The fundamental problem, Shakshuka, is that while some people on here will claim that what they want is a peaceful two state solution, what they actually want is a one state solution (a Muslim Palestine and all Israelis dead/expelled). At heart, they will never view a millimetre of what they view as Palestinian soil as legitimately belonging to Israel. The irony of the fact that they regard Israeli extremists who feel the same way in reverse as guilty of apartheid does not trouble them - they don't see their own hypocrisy.
The political reality is that the area is divided in two and Israel was set up by the UN. Either that reality is recognised and then finer points of borders etc can be negotiated peacefully - or it is not, and the only alternative is war. Might is right has been a time-honoured way of settling boundary disputes, but you're ridiculous if you can imagine that approach is not going to involve some loss of life. Either accept the status quo and talk - or refuse it. But you can't then reasonably complain that there are soldiers with guns.
Personally, I find the whole assumption that any people has some sort of inelienable 'right' to a patch of ground, that exists outside of international law, a bit odd. Borders change all the time - look at any historical map. The idea that because a border existed in 1967 - or 1867- or 867 - it must therefore exist now, seems crazy to me. My family's home for hundreds of years was in Prussia. Over time, this has veered from being part of the Holy Roman Empire, to an independent state, to part of the greater German Reich - and it's now in Poland. All the Germans who had also lived there for hundreds of years and who my grandfather grew up with, were expelled after the second world war and the territory given to Poles. I've been to the village/small town my family come from - it still has the Catholic Church and even the ruins of the former synagogue - but the Protestant Church that used to stand at the other end of the high street has completely vanished and the German Protestants who used to live there completely airbrushed from history. Poles live in the house that used to belong to my family. We got no compensation. Nor did any of the other German residents. Shit happens, things change. The border is where it is. I don't hate Poles and I don't imagine most Germans do either.

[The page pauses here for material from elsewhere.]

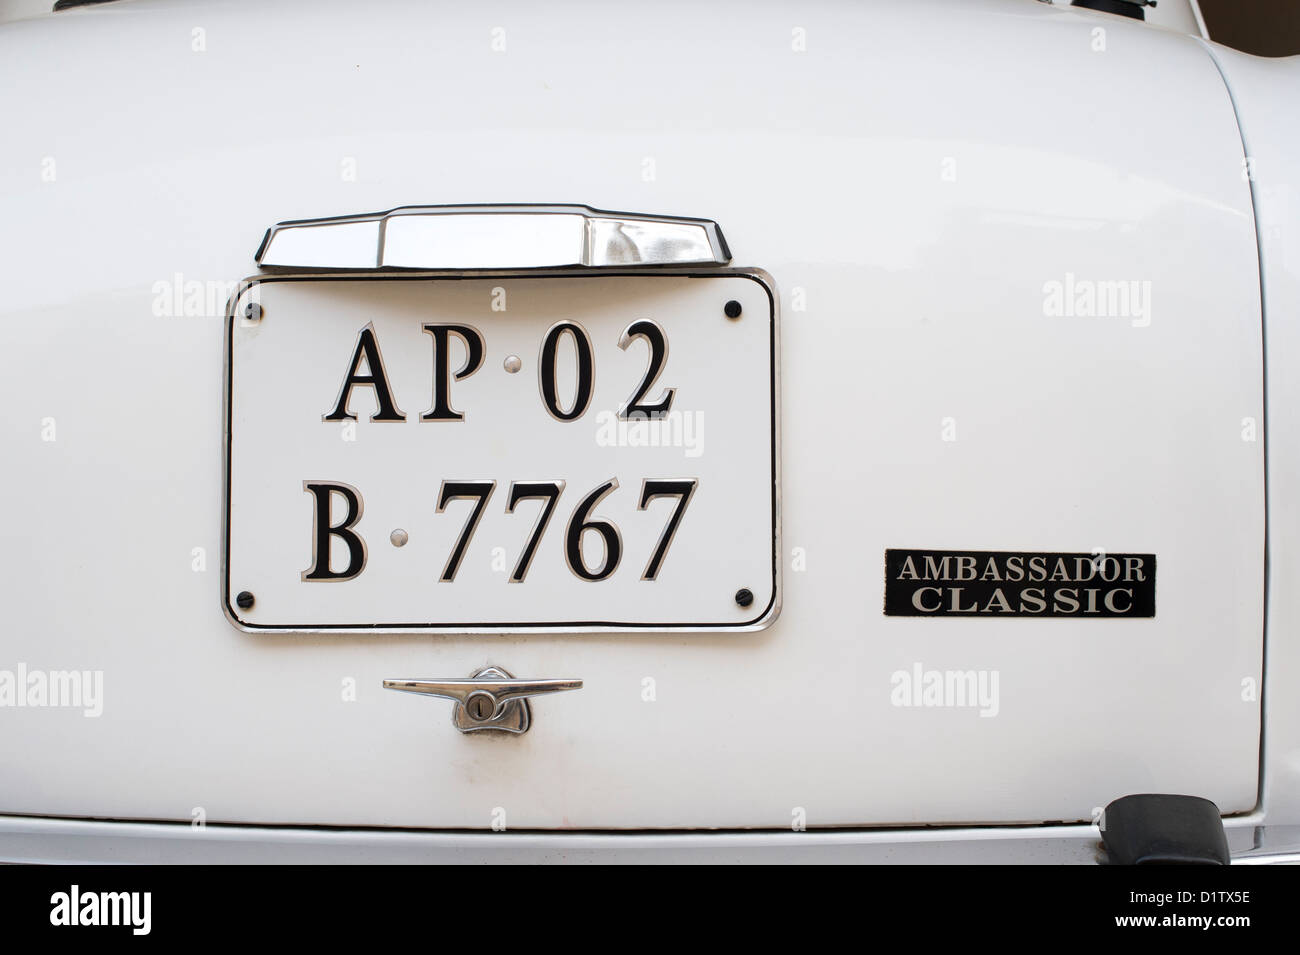 Hindustan Ambassador Classic indian car. Rear End - Stock Image

Why are Israeli borders required to be fixed according to some specific historic reality when no-one else's are?
Maybe it's particularly hard for British people to understand because we're an island so our borders are fixed by nature. British people need to understand that in most other countries, borders do change. It's normal. What matters is that the rule of law is upheld over existing borders. Because if you don't do that, then the only alternative is war. And that IS going to involve loss of life. And yes, some of that is going to be on the side you support. And if you're pontificating from the UK, it's not going to be your loss of life.
So really, people who live here should stop ignoring the political realities there, and demanding other people die to fit their bizarre concept of how they'd like the map to fit a particular preferred historical reality.